The man pointed the gun in between the former sailor's eyes. "You were ready enough to kill for a man's choice in brides … you don't seem so ready to die for a prejudice you claimed to be a true believer in?" The tone in his voice made Garvin feel so small, so worthless. Somewhere he knew that had been stronger, less trusting, and not so easily led he wouldn't be here. For all of his final thoughts that were running through his mind, it made him feel angry and cheated out of his own life. Here at the end he wanted no more part of the schemes he had been party too.
"I didn't kill him!" He blurted in teary eyed frustration. "I just kept watch! I just … I just watched … he got loose, and I got punched … I didn't even touch him. I, I did nothing but watch." He started strong and angry to the man. But, as he reflected, his voice began falling away from even the situation. He looked off to the side as he spoke in a timid childlike voice as if he had strayed into a waking dream. Some strange reflection of an out of body experience he had suffered from during the murder. "I just watched." He shook his head as if he didn't comprehend or even recognize himself.

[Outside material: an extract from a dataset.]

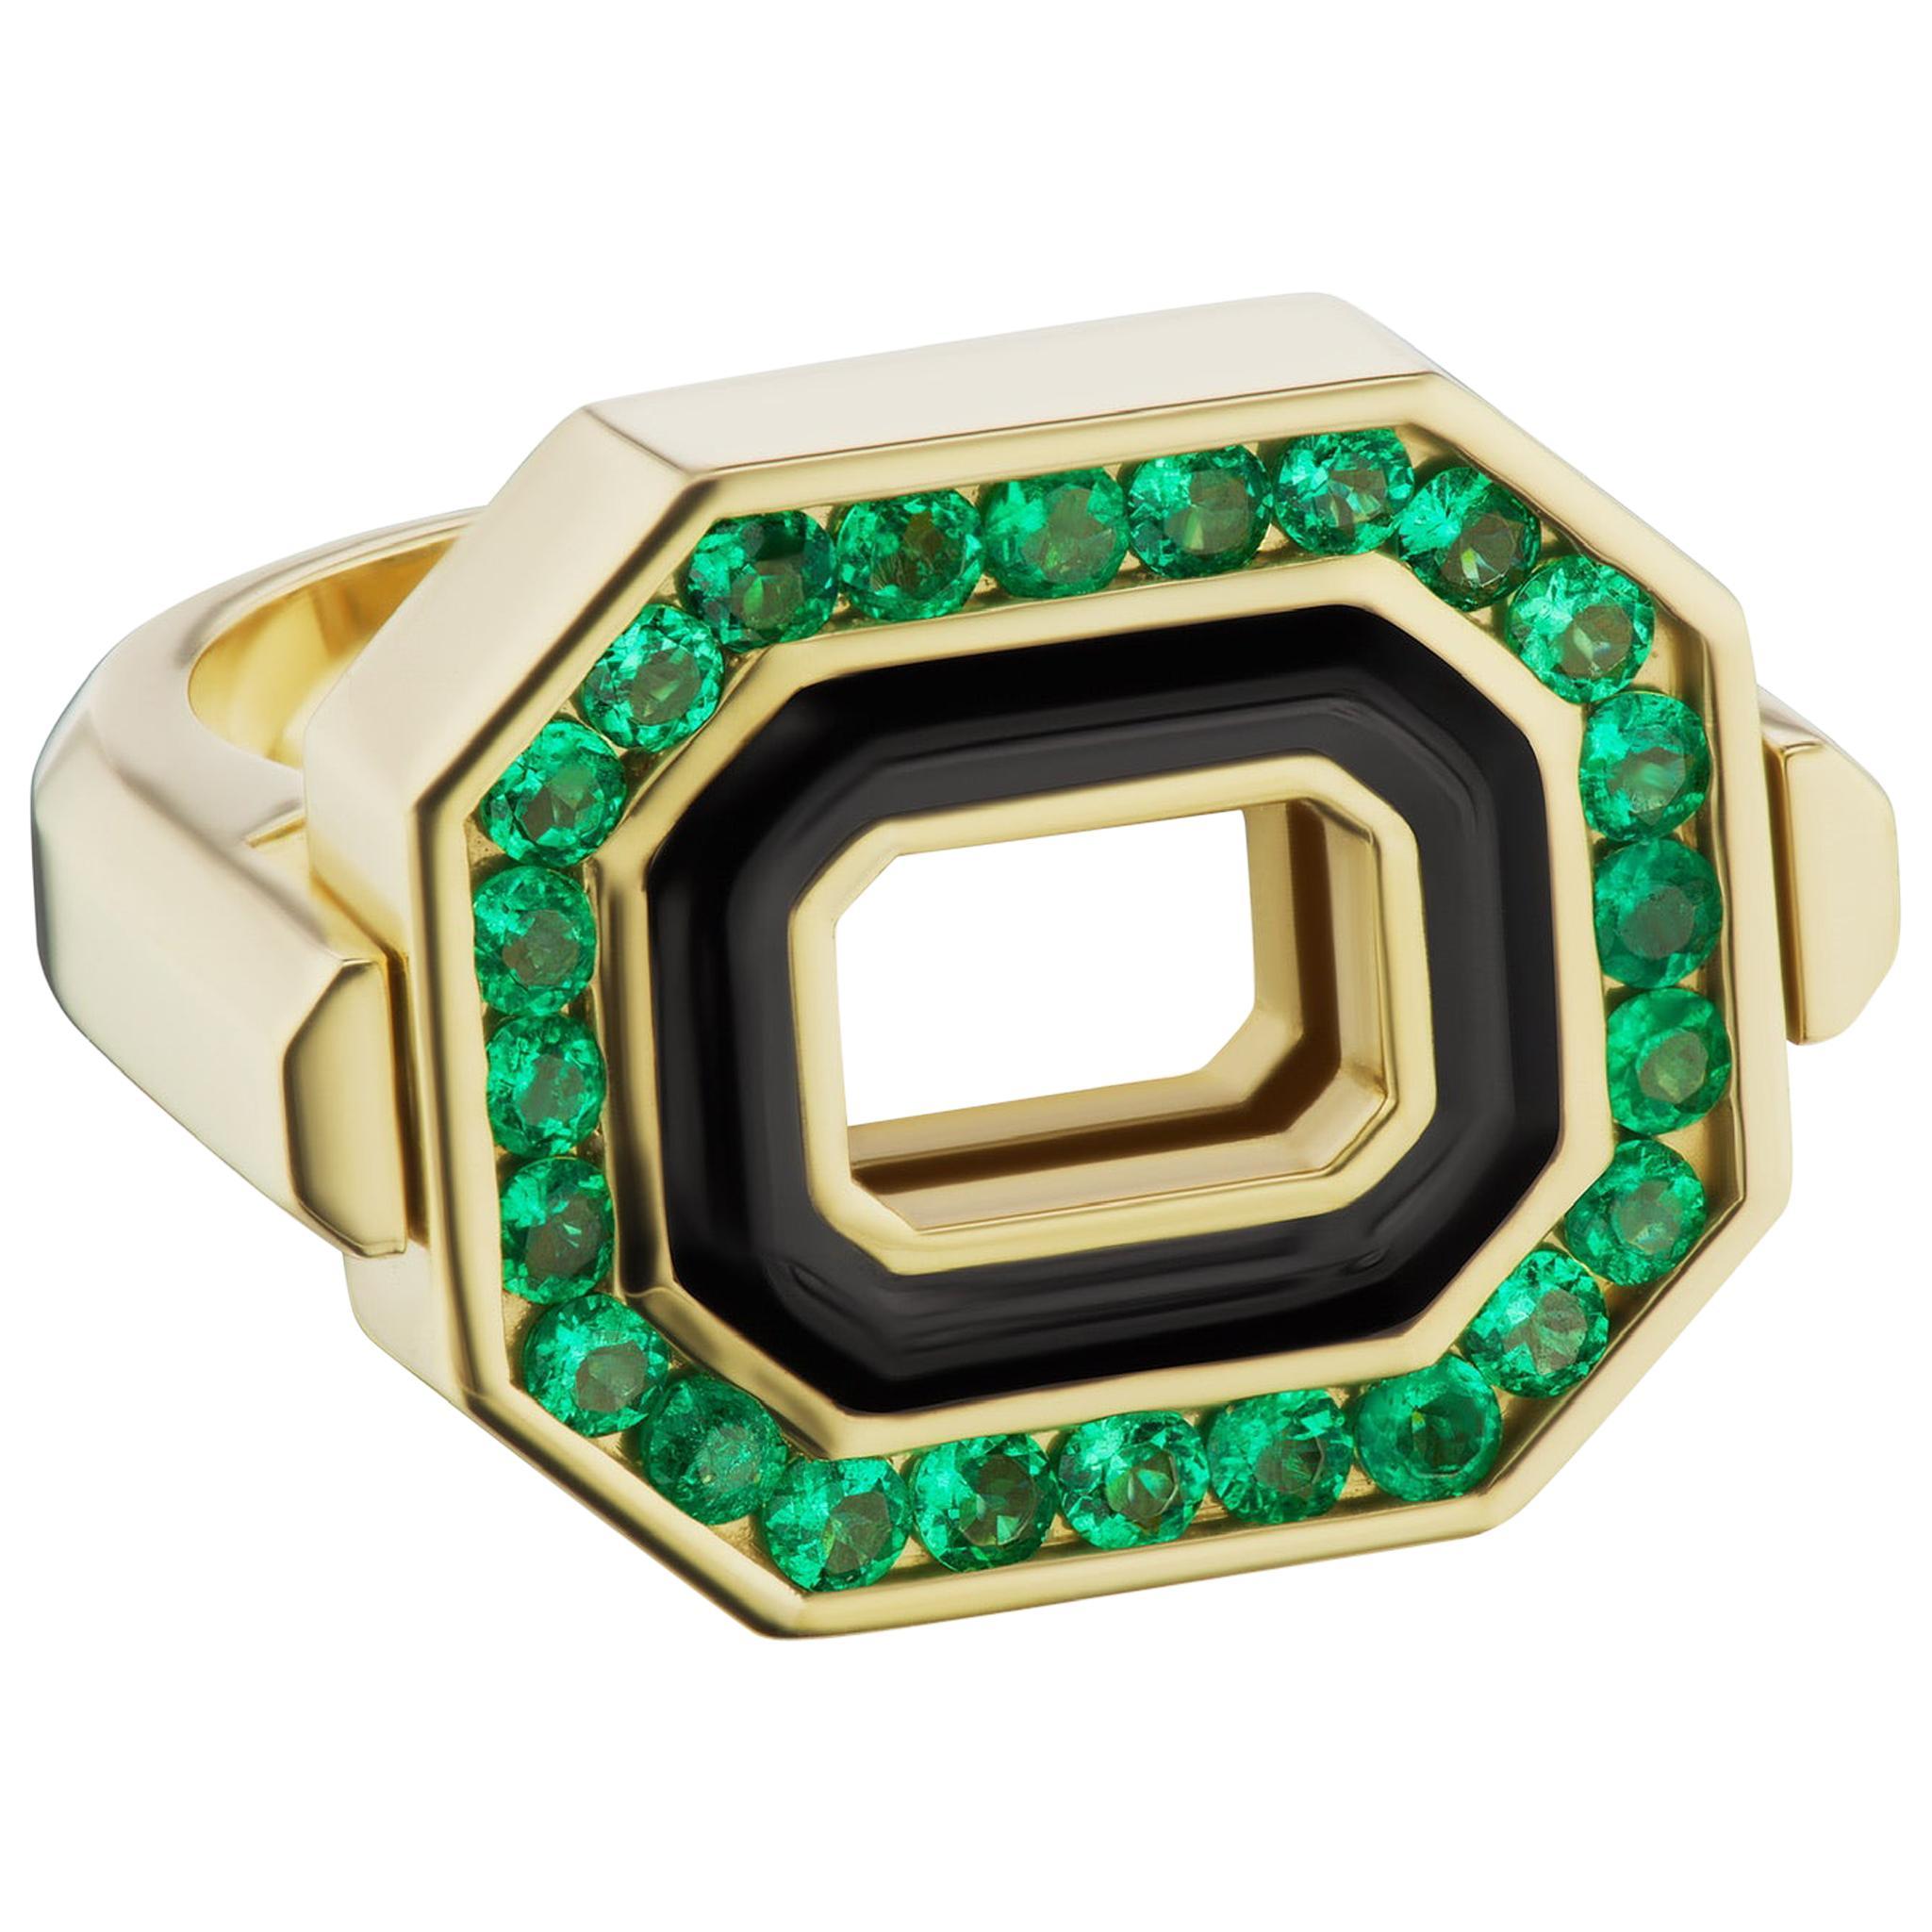 Flip Top Diamond, Emerald and Enamel Ring in 18 Karat Yellow Gold

Cold eyes, shadowed under cowl, stared through the sailor's poisoned soul. After a long moment the man drew forward his trigger. Garvin watched him glare long and hard before he began to nod as if agreeing with him. "You're right." He spoke evenly while lowering the weapon to his side.
"It's only fitting to leave you last, so you can watch them bury Flores and the rest of your friends with your one good eye, before I come for you!"
"Good eye?"
A gauntleted hand grabbed a handful of Brian Garvin's hair and drove the side of his face into the searing coals of the brazier.